Geneon Entertainment acquired the license to release the series to Region 1 DVD. They released the six volumes in 2005, from January 4 to November 22. In Geneon's release, the first two volumes contained five episodes each, while the remaining volumes contained four. Geneon released all twenty-six episodes in a series box set in August 2006.

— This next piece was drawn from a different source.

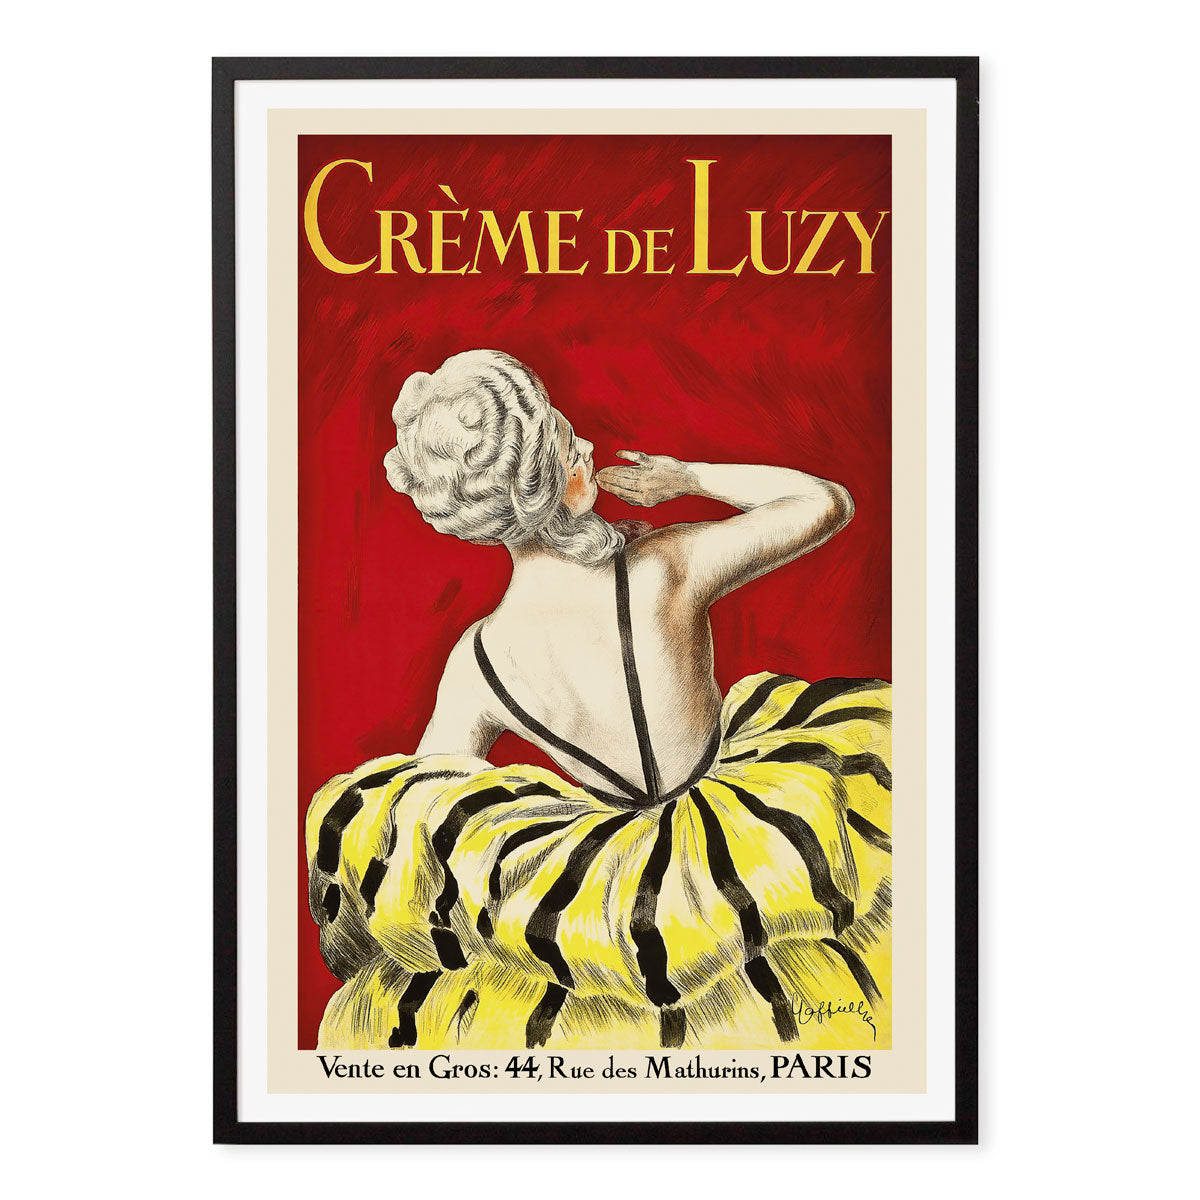 Creme de Luzy Paris vintage retro poster print in black frame from Places We Luv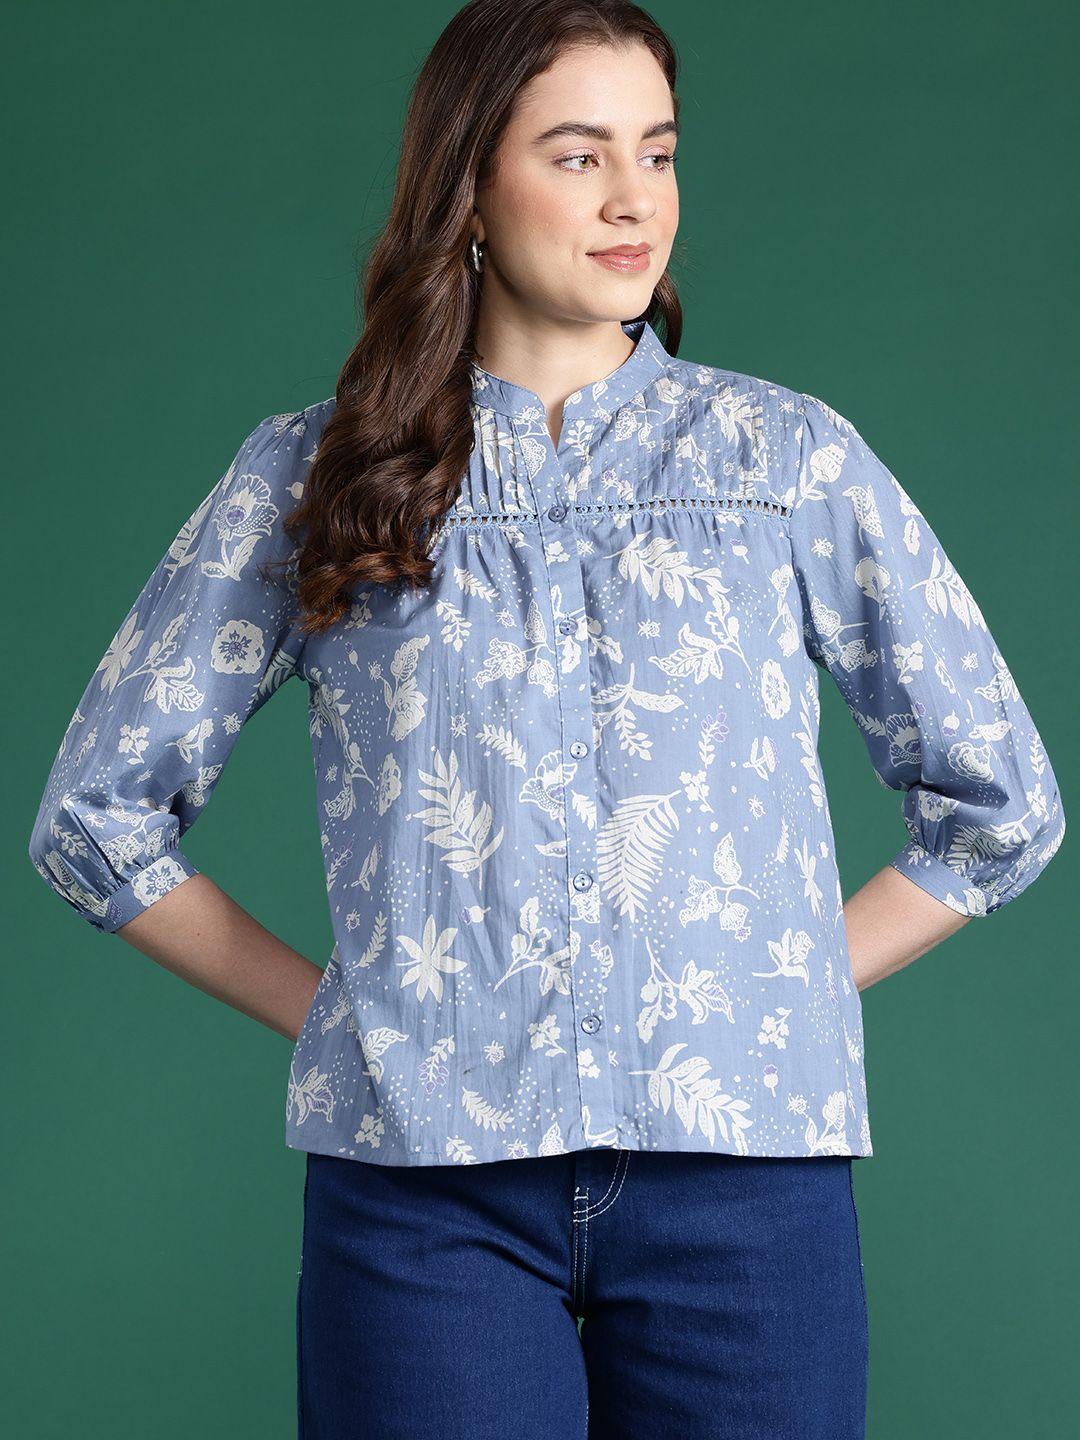 dressberry floral print mandarin collar cotton shirt style top

Discotek Media acquired the license to the series, and released it on Blu-ray.

===Soundtracks===
Two CD soundtracks were released in Japan by Pony Canyon for the Star Ocean EX series. The first soundtrack, Star Ocean EX Original Soundtrack (スターオーシャンEX ― オリジナル・サウンドトラック), contained forty-seven tracks and released on August 1, 2001. Among the tracks are the TV length versions of the opening and ending themes and background music played during various episodes. The second, Star Ocean EX Original Soundtrack II (スターオーシャンEX ― オリジナル・サウンドトラック II) was released on September 19, 2001. It contained an additional forty-five tracks of background music from the series.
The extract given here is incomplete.